--- START ---

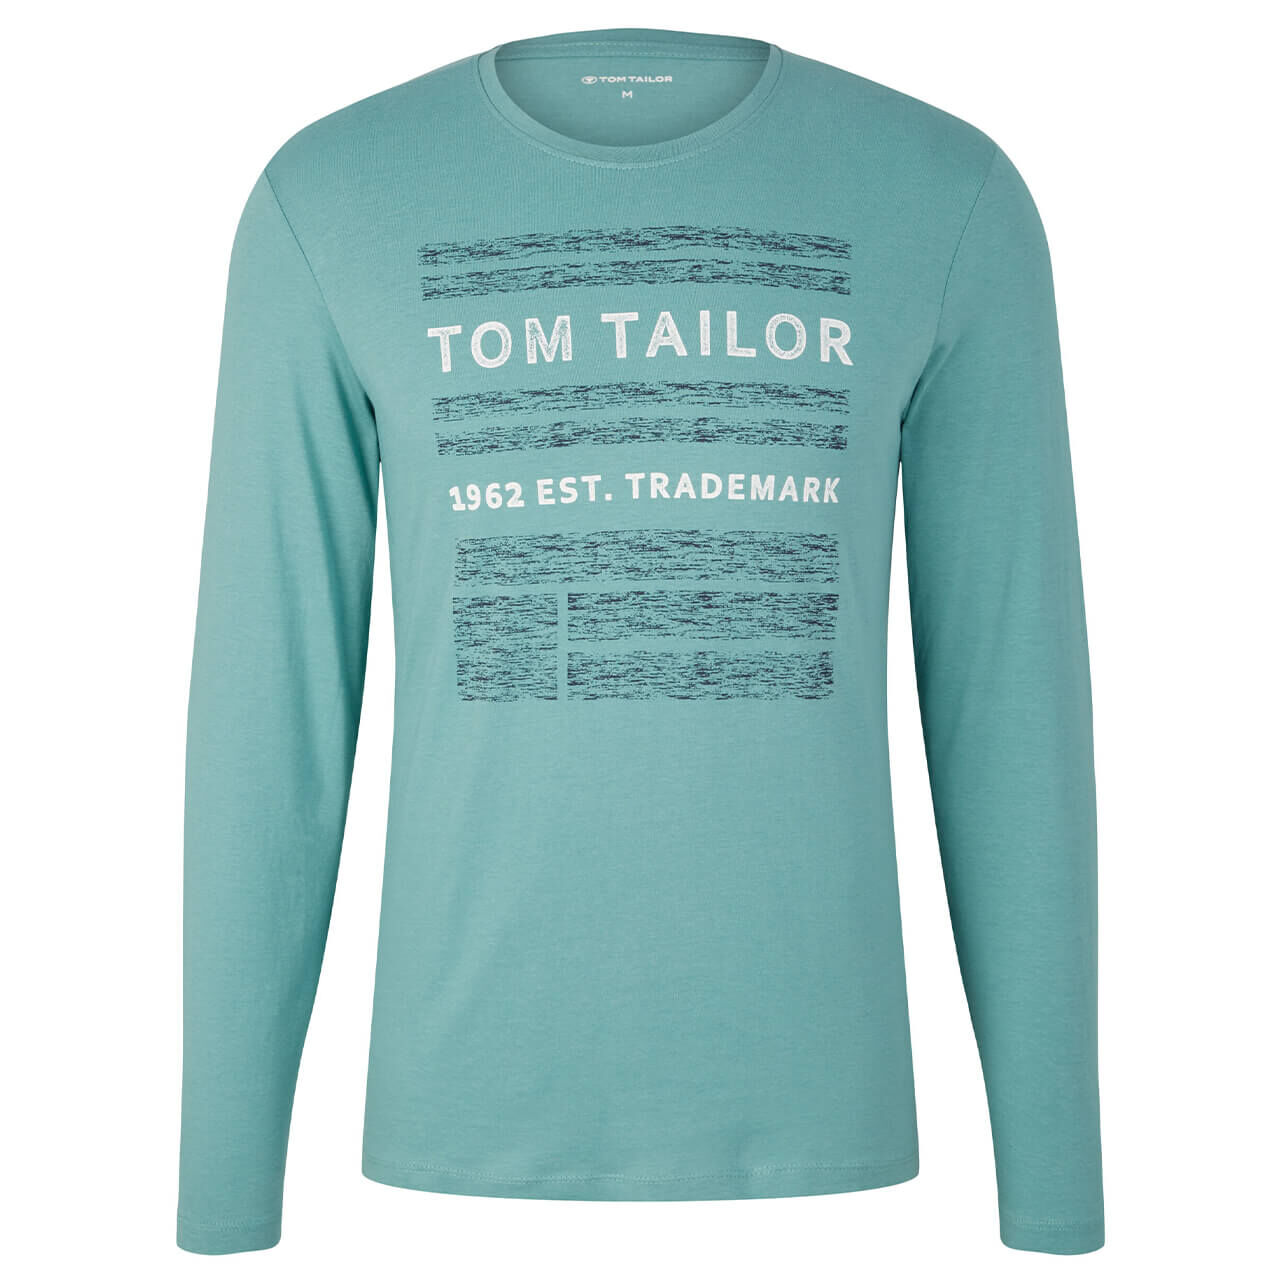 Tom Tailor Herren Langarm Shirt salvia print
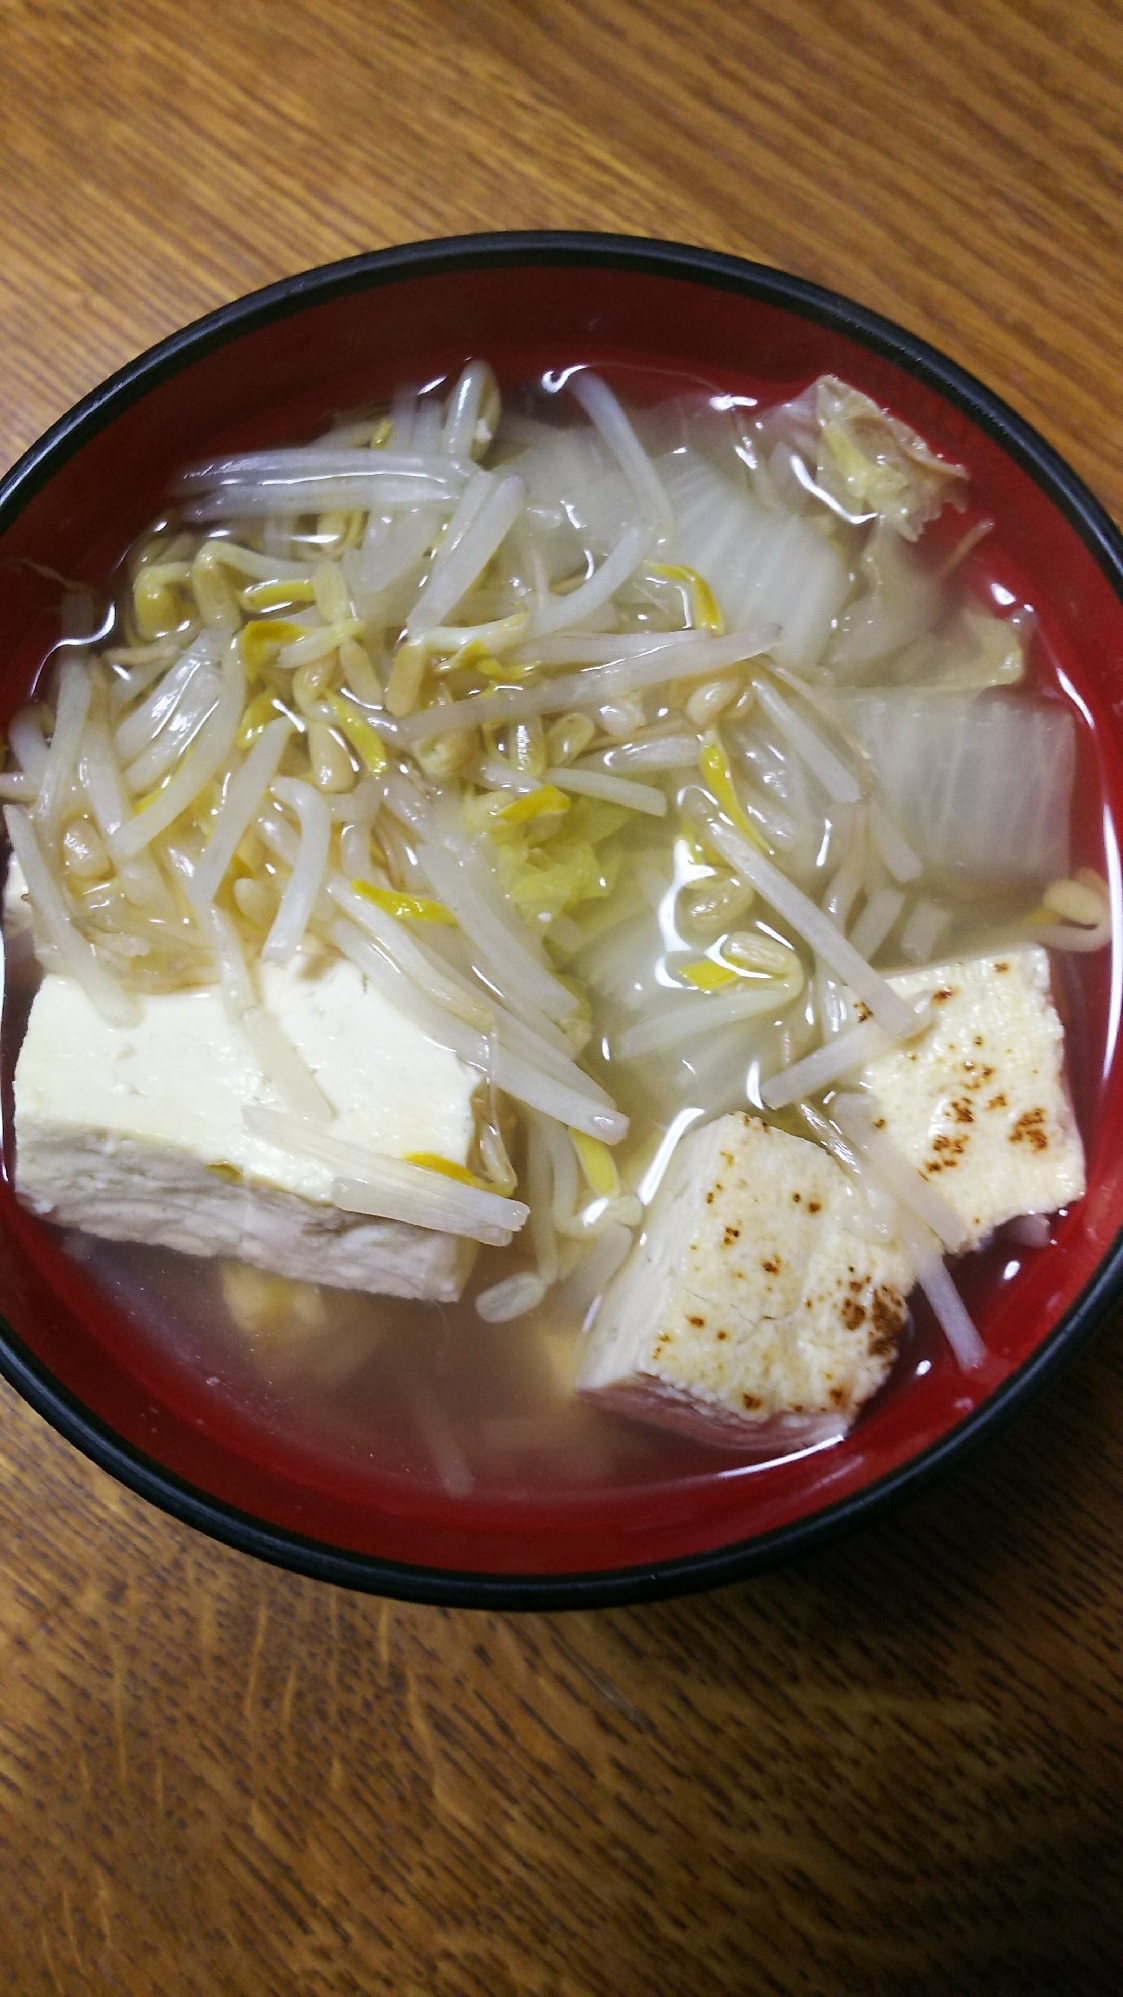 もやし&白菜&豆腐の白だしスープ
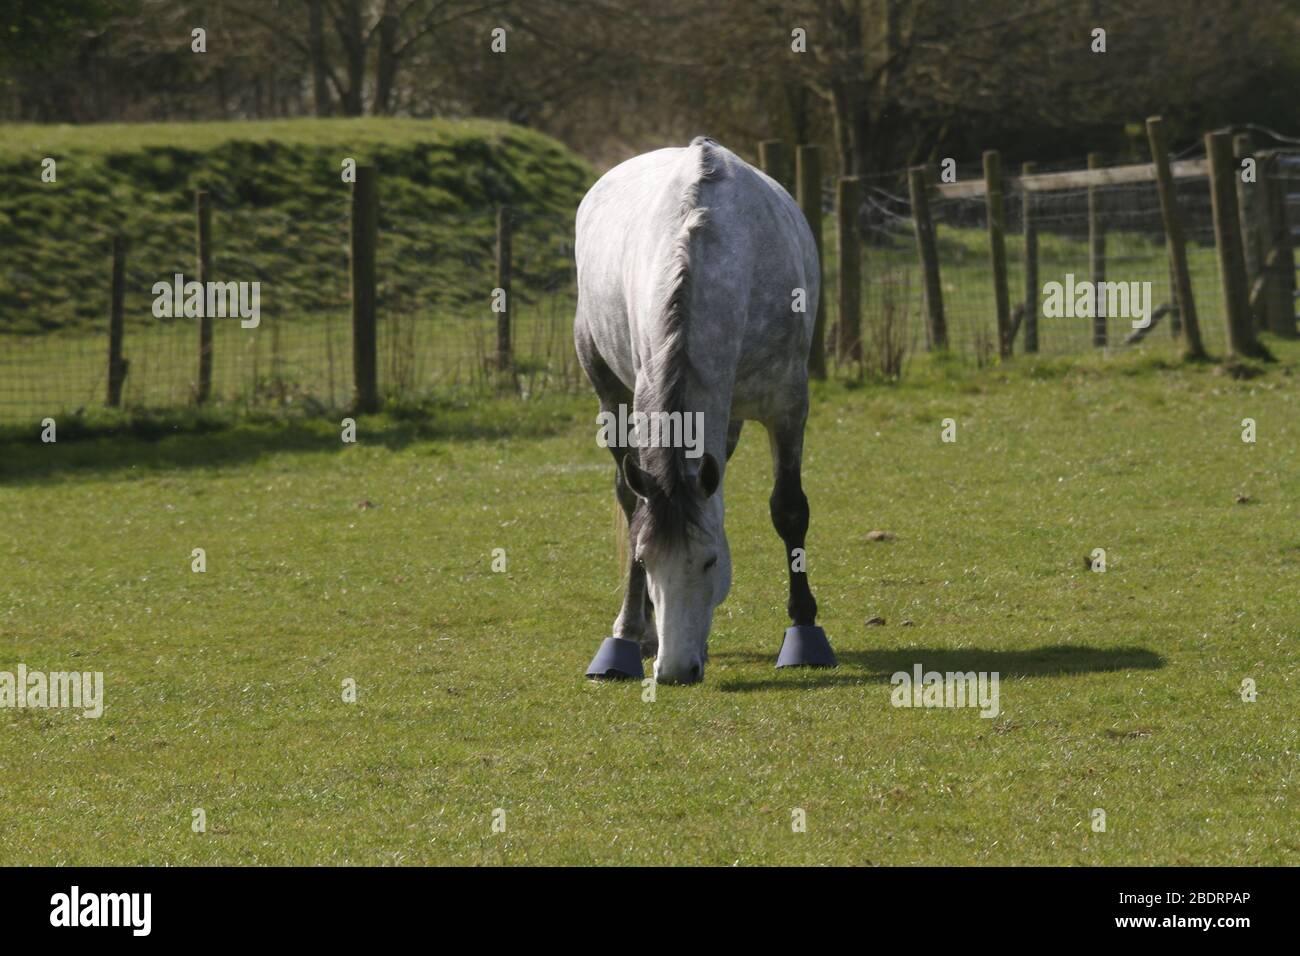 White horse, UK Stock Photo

--- END ---

- [The task]: Please retype the material in full, exactly as it reads, apart from the images.

- [Written response]:
 Tom Tailor Herren Langarm Shirt salvia print
 もやし&白菜&豆腐の白だしスープ
 White horse, UK Stock Photo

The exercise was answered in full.